This post explores the functionality of Spring Boot Batch Processing, a tool tailored for efficient management of extensive datasets. Specifically designed to automate and oversee intricate processes associated with large data volumes, Spring Boot Batch operates seamlessly without requiring user intervention. The framework significantly streamlines workflows involved in handling substantial data volumes in everyday scenarios. The subsequent sections provide a comprehensive, step-by-step guide for configuring Spring Boot Batch Processing, culminating in the creation of a sample application.

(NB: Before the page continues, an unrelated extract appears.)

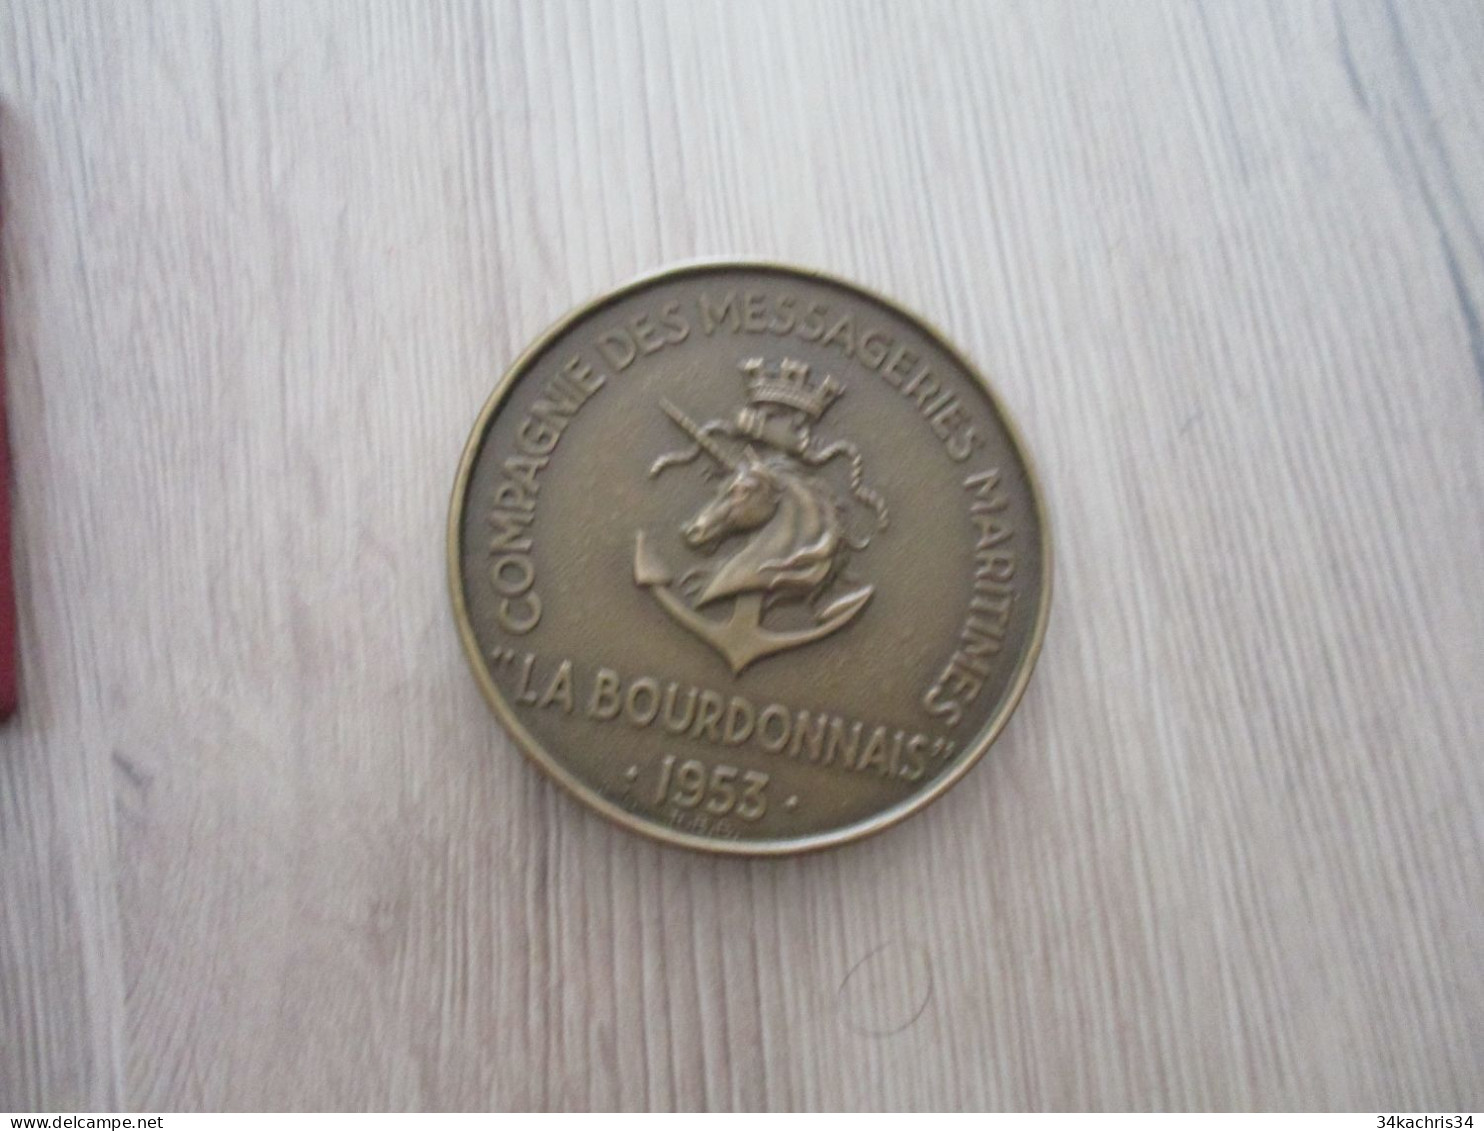 Médaille De Table La Bourdonnais Compagnies Messageries Maritimes 1953 5.5 Diam 100g Environs Dans Sa Boite - Décoration Maritime
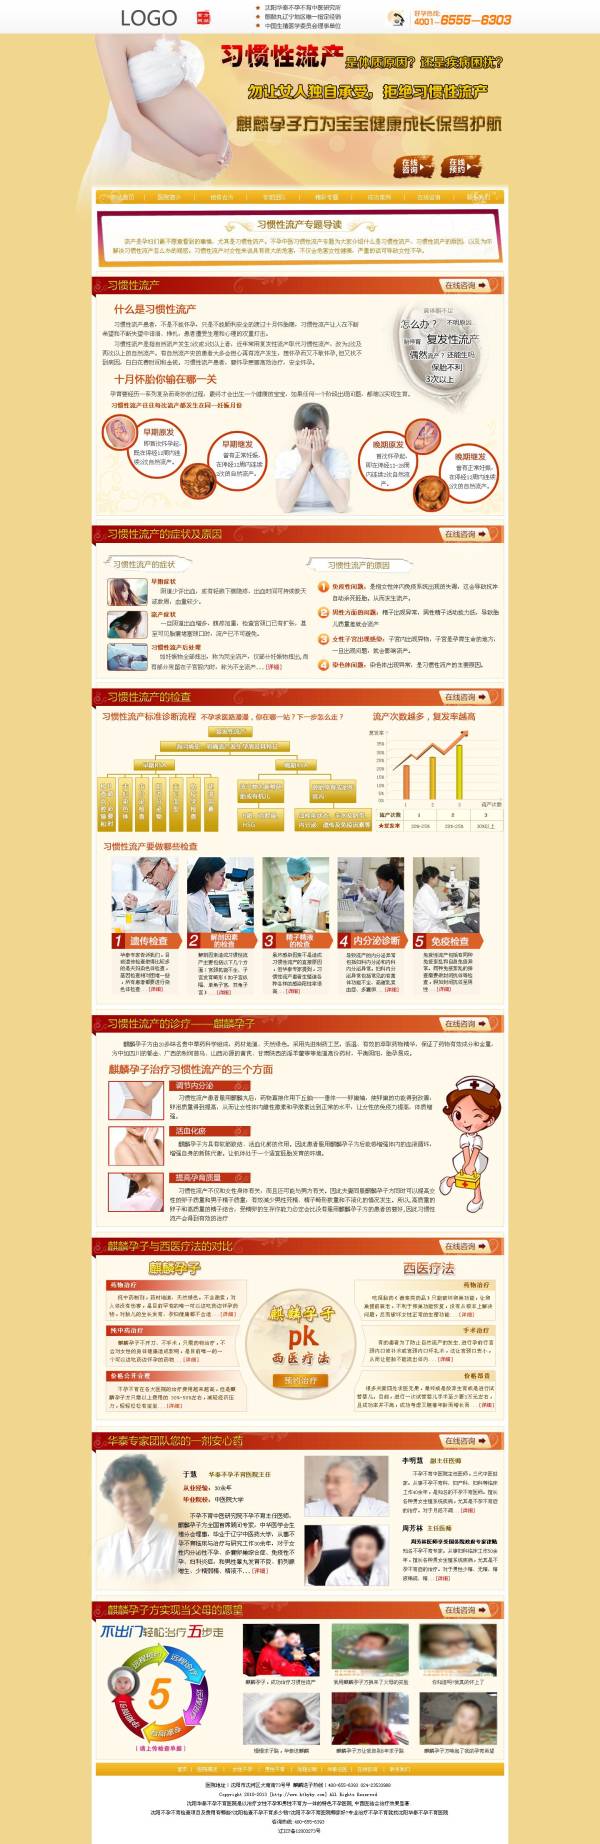 医院治疗习惯性流产广告专题页面模板psd分层素材下载

How Spring Boot Batch works
Spring Boot Batch encompasses a collection of classes designed to facilitate batch processing. The JobLauncher class takes the lead in initiating and executing Spring Boot Batch. The Job class holds essential details about the specific job executed whenever the batch is invoked. To configure the sequential steps in batch execution, the Step class is employed. These fundamental steps encompass reading, processing, and writing data. Configuration of the Spring Boot Batch application’s steps involves utilizing the ItemReader, ItemProcessor, and ItemWriter classes. Together, these components play a crucial role in orchestrating and executing batch processes efficiently.
ItemReader Interface
In batch processing, the ItemReader class is employed to retrieve data, serving as the initial step in the overall process. Within the ItemReader interface, a read method is defined, which takes no arguments and returns an object. This object is subsequently forwarded to the processor interface, initiating the subsequent steps in the batch processing flow. The ItemReader plays a pivotal role in efficiently reading and supplying data for further processing within the batch workflow.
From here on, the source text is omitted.